Дрова спасли ему жизнь.

Что-то звякнуло внизу. Оба насторожились. Тихо… Ничего не слышно.

— Ступай, только побыстрее, — предупредил Антуан товарища.

…Бесшумно ползли по склонам Монмартра солдаты Тьера. Получив приказ похитить у рабочих пушки, они собирались в лощинах и в близлежащем парке под покровом тёмной ночи.

На улице Розье вражеские солдаты без единого выстрела захватили пост. Не дождавшись лошадей, они впряглись сами и стащили пушки вниз. Тут они сделали привал и ждали лошадей.

Анри спустился в лощину и стал собирать дрова, которые лежали здесь про запас. Вскинув вязанку на плечи, он направился к своему посту. Но едва сделал пять шагов, как почувствовал сильный толчок в спину. Анри покачнулся, но не упал. Дрова спасли ему жизнь. Солдатский штык застрял в полене и сломался: враг упал, потеряв равновесие. Тьеровские солдаты не дремали и бросились на помощь. Но не терял времени и Анри Прото. С криком: «К оружию, товарищи!» — он размахнулся и, не дав подняться первому, ударил вязанкой второго солдата, подвернувшегося под руку.

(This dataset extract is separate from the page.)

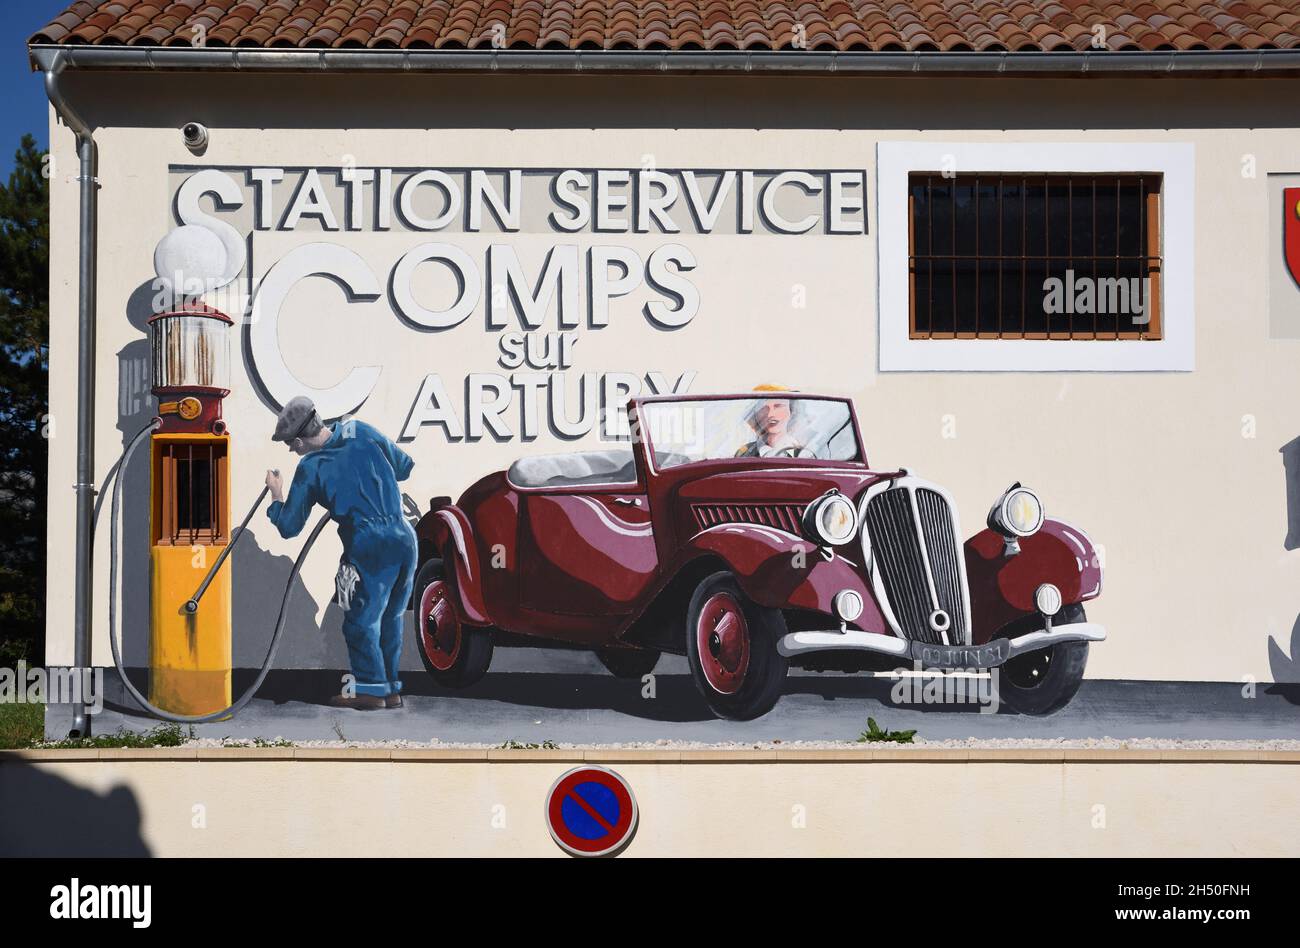 Stazione di benzina, stazione di rifornimento o stazione di benzina con murales decorativi o Wall Painting di Vintage French Car Comps-sur-Artuby Var Provence France Foto Stock

Антуан, услыхав крик Анри, выстрелом из ружья разбудил стражу. Национальных гвардейцев, охранявших орудия, было очень мало, а неприятельских солдат, расположившихся в разных местах поблизости, гораздо больше. Они открыли частый огонь по рабочим.

Первым упал Антуан.

Подбежавший Анри наклонился над лежащим на земле другом.

Антуан был недвижим.

«..Поль стянул ремнями стопку книг и тетрадей, запер на ключ чердак и стал спускаться по каменным ступенькам. Деревянные подошвы весёлым стуком отмечали каждый его шаг. Поль встал сегодня в хорошем настроении.

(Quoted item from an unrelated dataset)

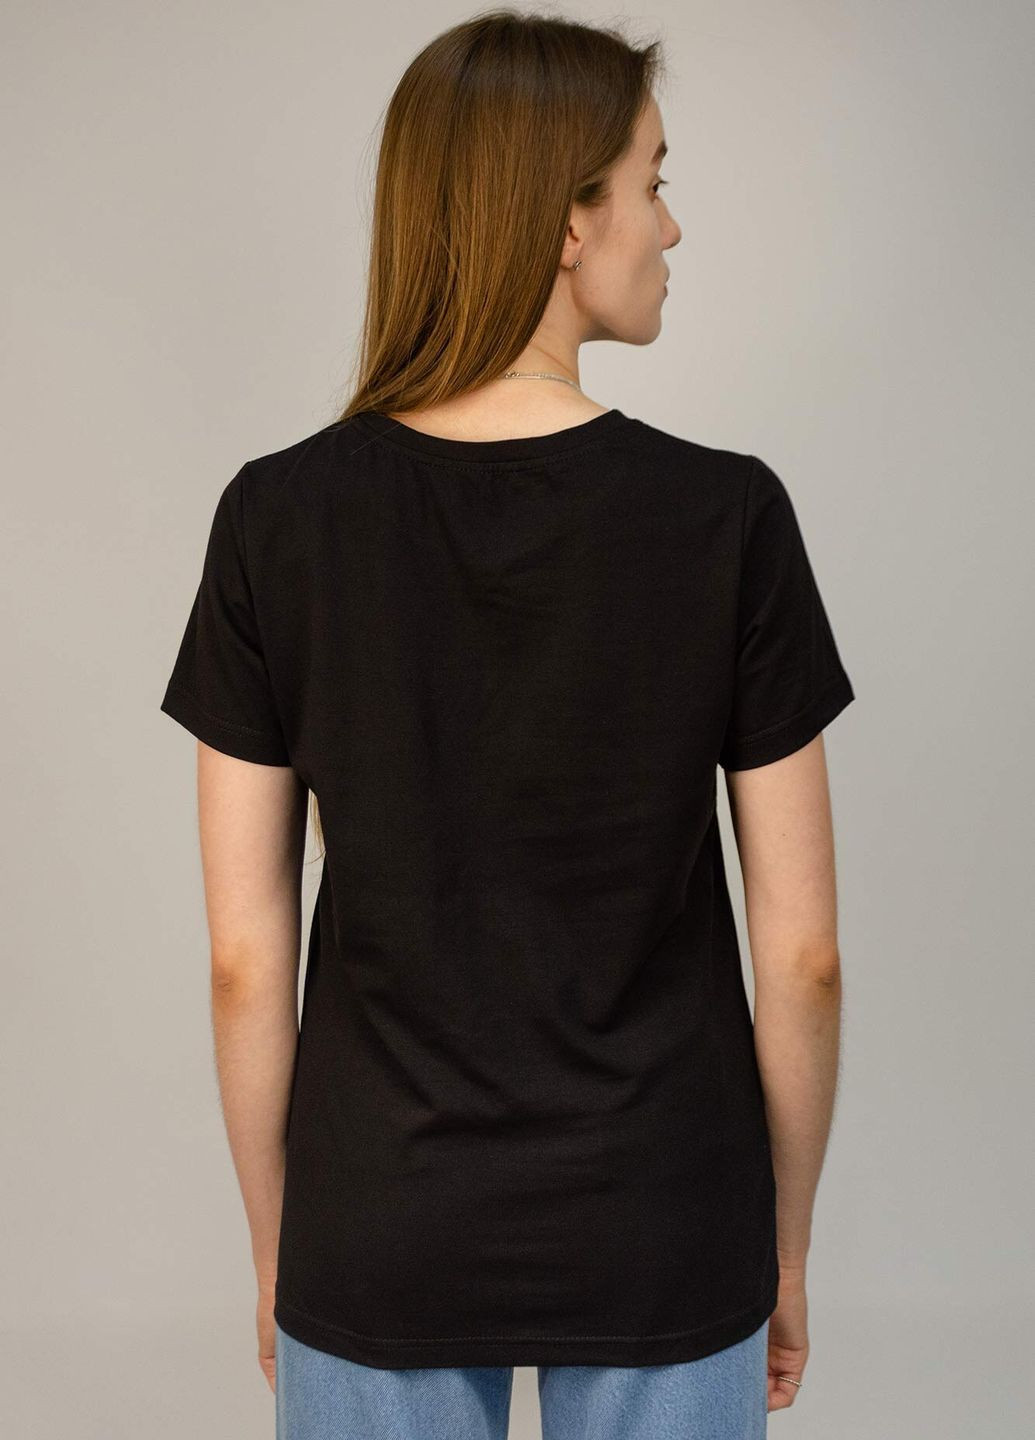 Черная летняя футболка женская base с коротким рукавом Hot

Был субботний день, и занятия в школе кончались на час раньше. Вместе со школьными товарищами Поль собирался пойти в зоологический сад. Мальчиков разбирало любопытство: им хотелось узнать, какие животные уцелели после войны, какие из зверей выдержали жестокий голод во время осады Парижа, которая продолжалась сто тридцать два дня. Ведь даже слона убили, потому что его нечем было кормить. Вспомнив о печальной судьбе могучего обитателя зоологического сада, Поль невольно подумал об удаче, которую принесла ему встреча с Антуаном и Клодиной. Как много они для него сделали! Началась война, Антуана мобилизовали. Клодине, с Клодом на руках, приходилось много работать, чтобы добыть кусок хлеба. И всё-таки Круазены приютили Поля и отдали его в школу. Зато теперь Поль уже хорошо умеет читать и писать, скоро он сам поступит на работу и будет делиться своим заработком с Круазенами. Полю шёл четырнадцатый год. Теперь это был высокий, худой подросток, смышлёный и ловкий. Мало осталось в нём от того всегда испуганного деревенского мальчика, каким он приехал в Париж. Уже седьмой месяц посещал он школу. До окончания учебного года оставалось только три месяца, и Поль мысленно уже видел себя в типографии: вот он стоит у наборной кассы и, подобно Антуану, быстро укладывает в строку букву за буквой.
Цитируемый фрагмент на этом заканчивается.